Namun, ia menegaskan langkah yang dilakukan semata-mata didasarkan pada kepentingan perlindungan korban.

"Itu adalah salah satu pemikiran dari yang bersangkutan dan sah-sah saja jika beliau berpandangan seperti itu. Tapi saya sampaikan, hari ini kita bisa berbicara seperti ini karena kita bukan berada di posisi korban. Kami di TRC menempatkan diri pada posisi korban," katanya.

Menurutnya, korban dalam kejadian tersebut merupakan para santriwati dan santri yang mengalami dugaan tindak kekerasan maupun permasalahan lain yang kini sedang memperjuangkan keadilan.

"Kondisi para korban sangat luar biasa. Kita boleh tersenyum atau merasa tidak terdampak karena memang kita bukan korban. Yang harus dipikirkan adalah bagaimana mereka mendapatkan keadilan dan perlindungan," ucapnya.

Ia mengaku proses belajar mengajar para santri aktif memang menjadi perhatian.

Namun, menurutnya, persoalan pendidikan masih memiliki jalan keluar sehingga tidak boleh mengesampingkan hak-hak para korban.

"Proses belajar mengajar memang harus ada solusi. Saya juga sudah beberapa kali menyampaikan kepada media bahwa pondok pesantren bukan hanya satu. Masih banyak, bahkan ribuan pondok pesantren di Kalimantan Timur yang bisa menjadi alternatif. Tinggal bagaimana solusi itu diberikan," tuturnya.

Ia kembali menegaskan keputusan mengenai penutupan maupun pencabutan izin operasional pondok pesantren sepenuhnya merupakan kewenangan Kementerian Agama, bukan TRC PPA Kaltim.
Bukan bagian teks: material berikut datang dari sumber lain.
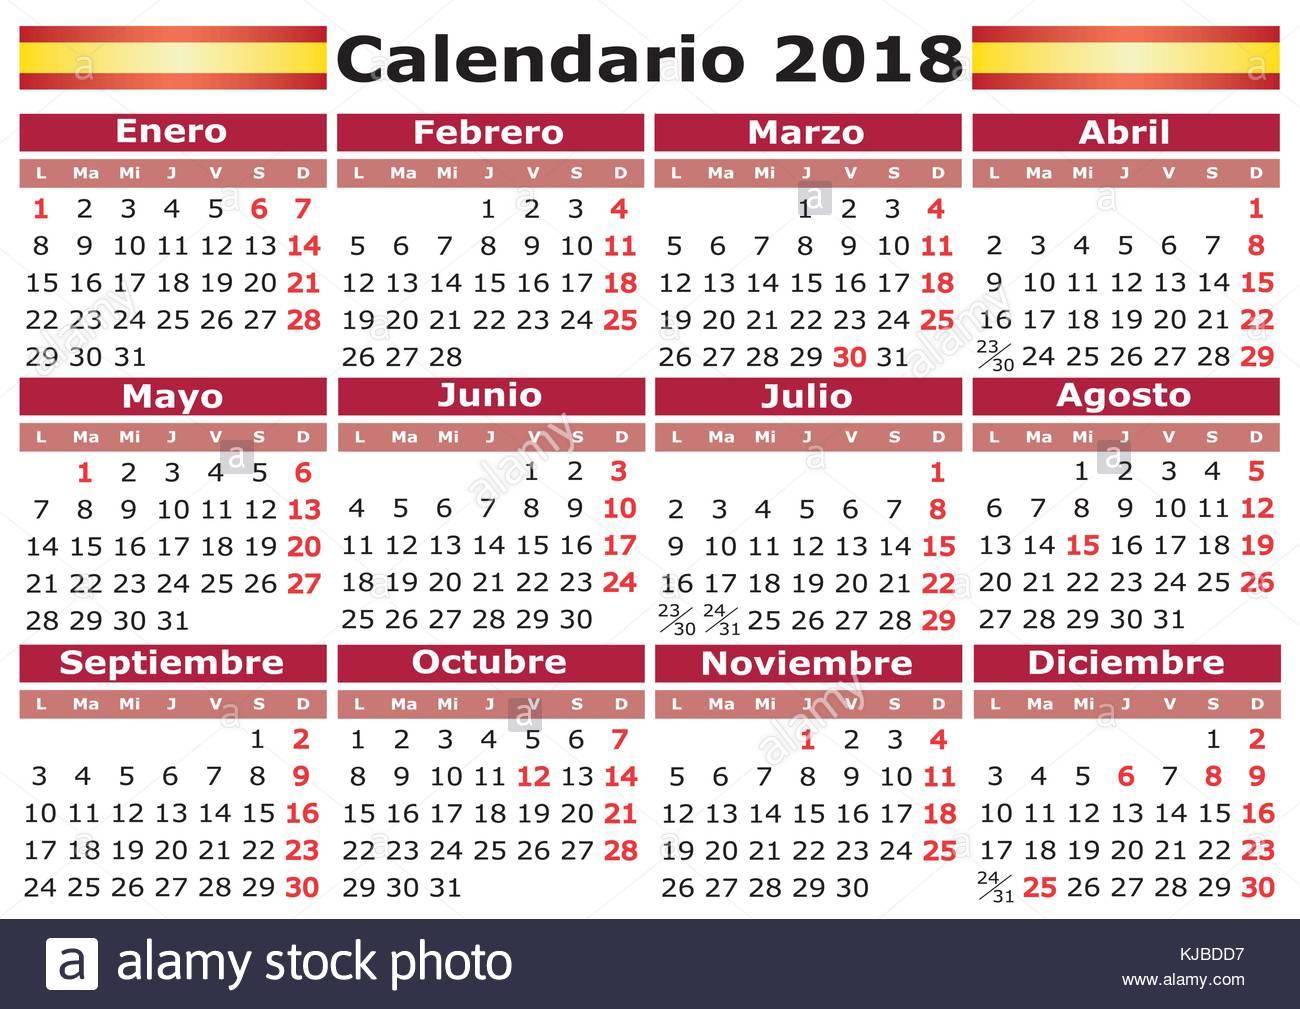 Spanish Calendar For March Learn Spanish Online At Studyspanish Calendario 2018 Stock Photos And Calendario 2018 Stock

"Lagi-lagi kewenangan itu ada pada Kementerian Agama, itu sudah sangat jelas. Kalau kemudian ada yang merasa mereka juga korban karena terganggunya proses belajar mengajar, silakan saja berpendapat. Namun kondisi itu masih bisa dicarikan solusi," katanya.

Sebaliknya, perhatian juga harus diberikan kepada para korban yang hingga kini masih berjuang memperoleh keadilan.

Bahkan, menurut informasi yang diterima, masih terdapat korban lain yang belum berani menyampaikan pengakuannya.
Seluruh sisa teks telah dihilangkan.